I would like to get the same output pwm signal on other pin in which the rising edge of the input signals should be delayed from 5 ns to 50 ns,

and the falling edge of the output signal must coincide with the falling edge of the input signal.

The input and output signal must be synchronized, but the output signal has a shift of 5 ns to 50 ns on the rising edge.

How to do this on TMS320F28388D?

Thanks.

Alex

over 1 year ago

0 Allison Nguyen over 1 year ago

TI__Mastermind 24790 points

Hi Alex,

Can you specify how you are using this 10kHz PWM as an input? Are you generating this signal on the F2838x device and wanting to physically route it as an input (e.g. to an INPUT XBAR pin) and try to use this as an external syncing source for the sync source of another PWM? Or do you mean you are wanting to use the internal EPWM hardware to associate the two?

From what I've gleaned from your explanation, it seems like you can just use a single instance of PWM on F2838x to generate your EPWM signals (let's use EPWM1A and EPWM1B, for example).

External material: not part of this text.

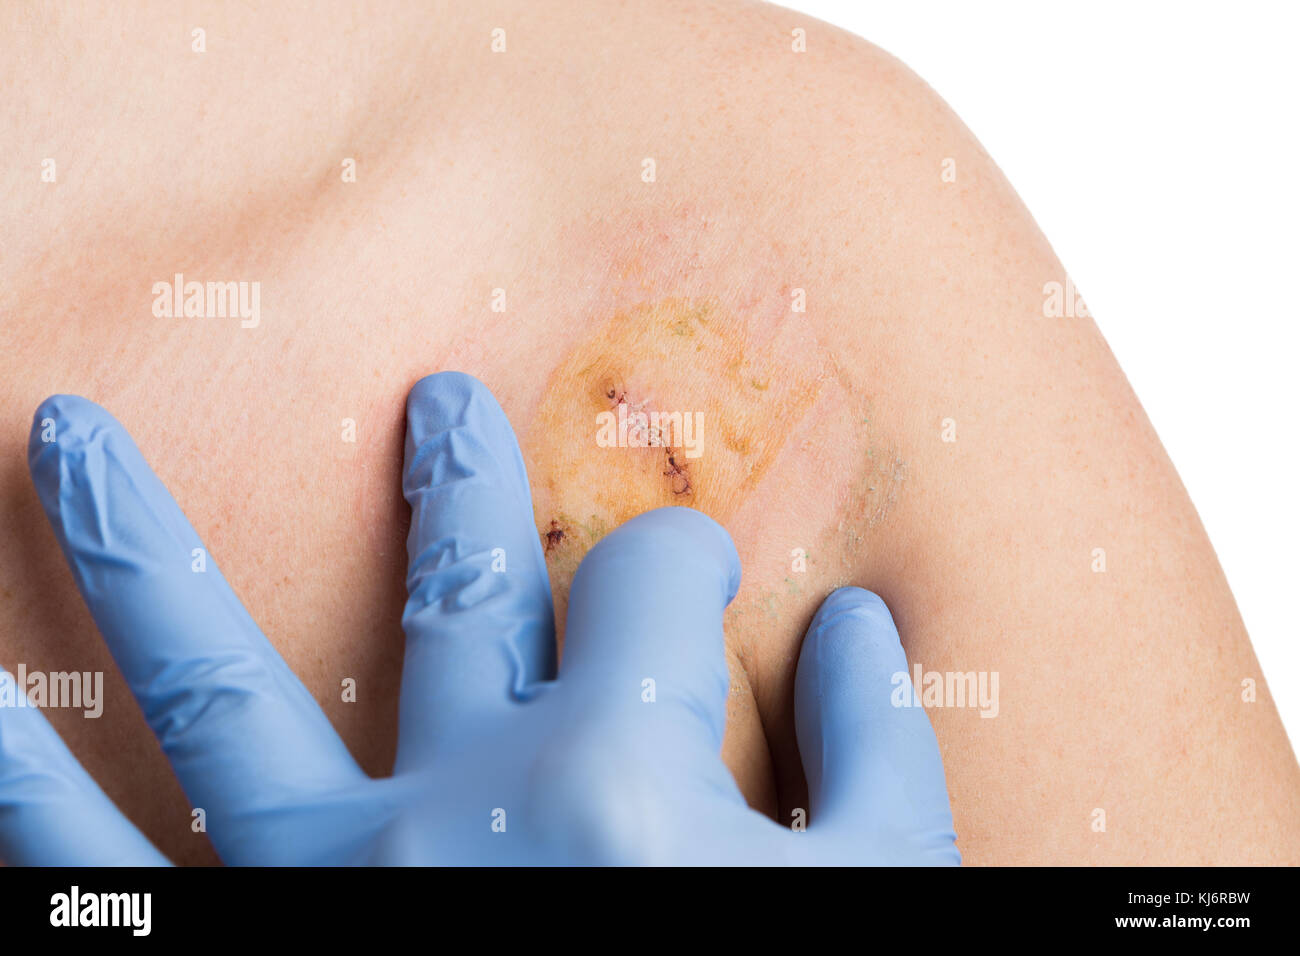 Doctor hand checking surgery suture after mole and bandage removal Stock Photo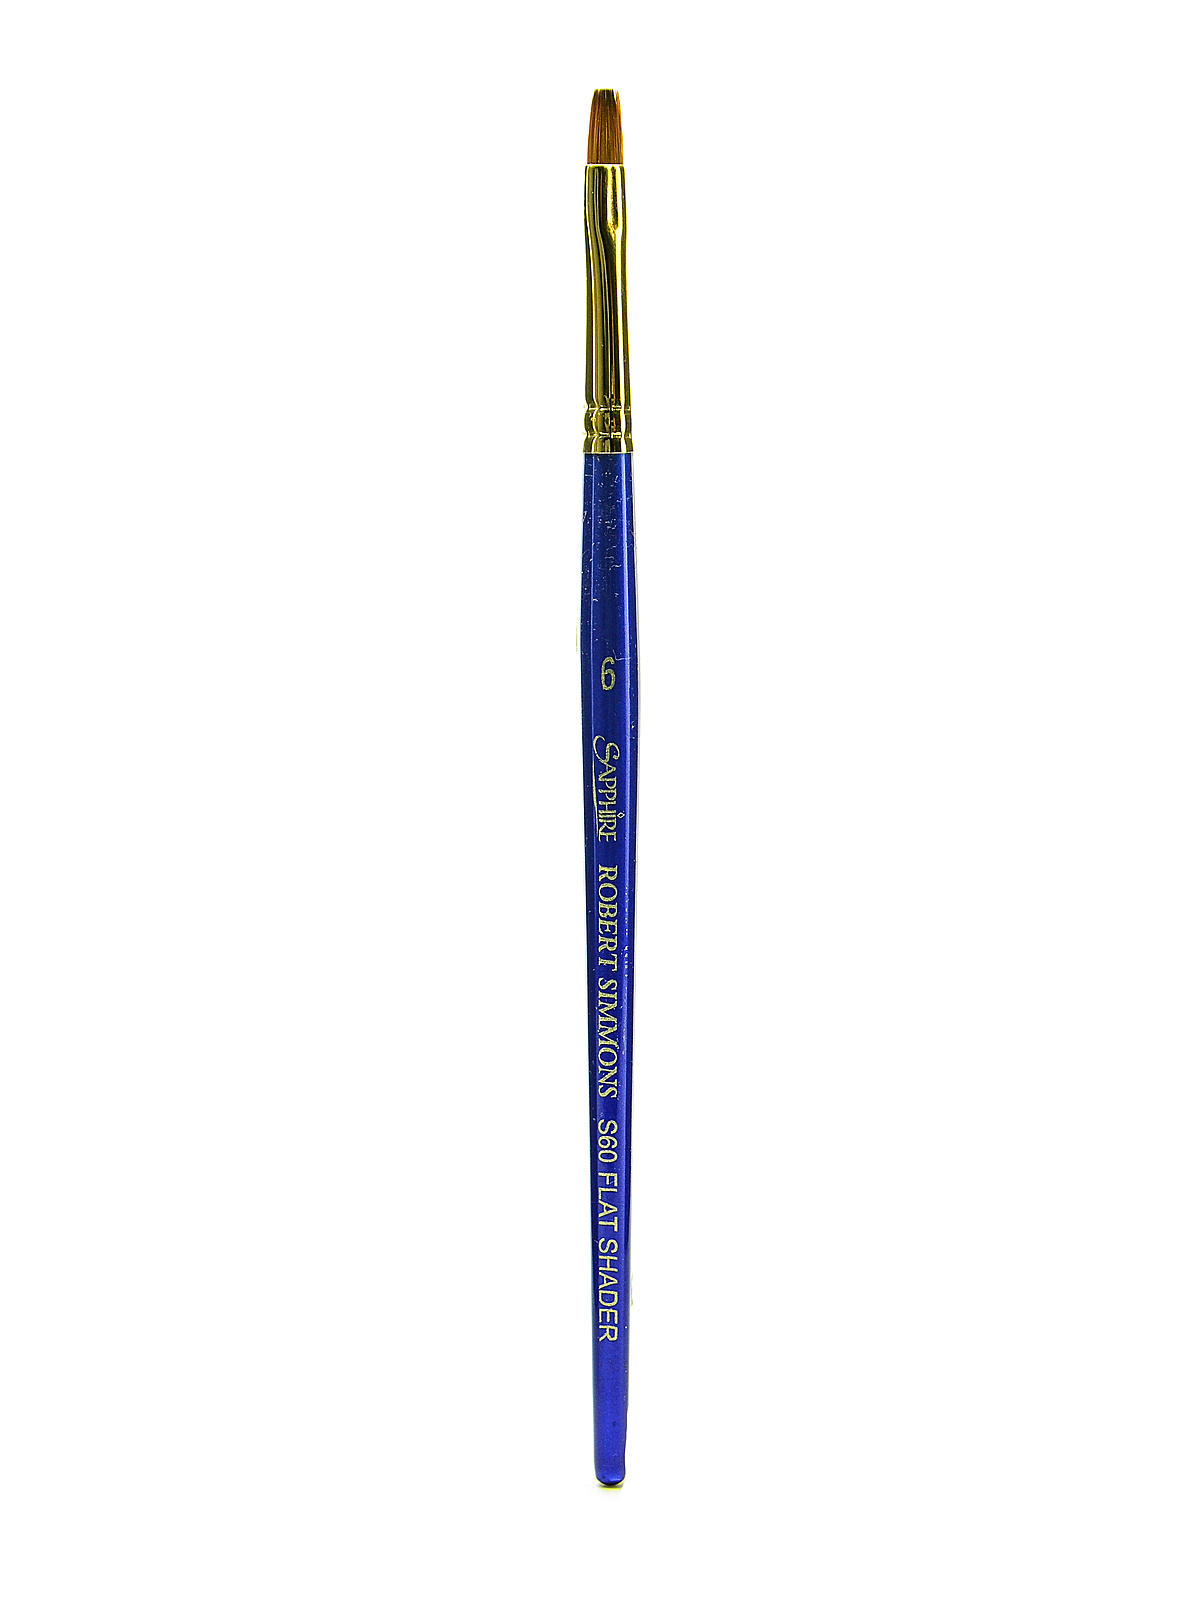 Sapphire Series Synthetic Brushes Short Handle 6 Shader S60

You can generate a 10kHz PWM signal for both channels (A and B) and then just use the deadband module to add rising edge delay on one channel with respect to the other. In this way, the signals are synced, but there is configurable rising edge delay on one of the channels.

To explain some of the calculations (if that is the source of confusion):

If you have a time-base clock (TBCLK) frequency 100MHz, this means that each TBCLK period = 1ns.
To have your 10kHz PWN frequency, if (for example) you were using up-count:
- TBPRD = (F_TBCLK/F_PWM) -1 = (100MHz/ 10kHz) -1 = 9999
Then, you can implement a rising edge delay (RED) on only one channel (using the deadband module)
- e.g. "Mode 7" from the device TRM deadband section:
- The TRM also explains that rising edge delay (RED) is equal to the DBRED register value multiplied by T_TBCLK:
  - RED = DBRED x T_TBCLK, where T_TBCLK is the period of TBCLK (the prescaled version of EPWMCLK)
  - This means that a DBRED of 5 is equivalent to 5 TBCLK period which would be 5ns
  - So to have a rising edge delay of 5-50 ns, you would apply a DBRED of 5-50.

Best Regards,

Allison

0 Aliaksandr Prybau over 1 year ago in reply to Allison Nguyen

Prodigy 10 points

Hello Allison,

thank you for your reply.

The input PWM signal is external signal from other clock source. The frequency of the input signal can be variable from 10kHz up to 50kHz.

Is it possible to connect the input signal direct to deadband module?

Is it possible to use input signal as trigger for starting of the timer without interrupt?

Thanks.

Best regards,

Alex

0 Allison Nguyen over 1 year ago in reply to Aliaksandr Prybau

TI__Mastermind 24790 points

Hi Alex,

My initial thoughts are to perhaps use clock signal input to the EPWM digital compare module as a sync source for the EPWM. From there, you could still apply a rising edge delay to the signal. To turn off the PWM at the same time, you could use the signal to generate a trip signal, so that when the input goes low, you configure the EPWM to trip low.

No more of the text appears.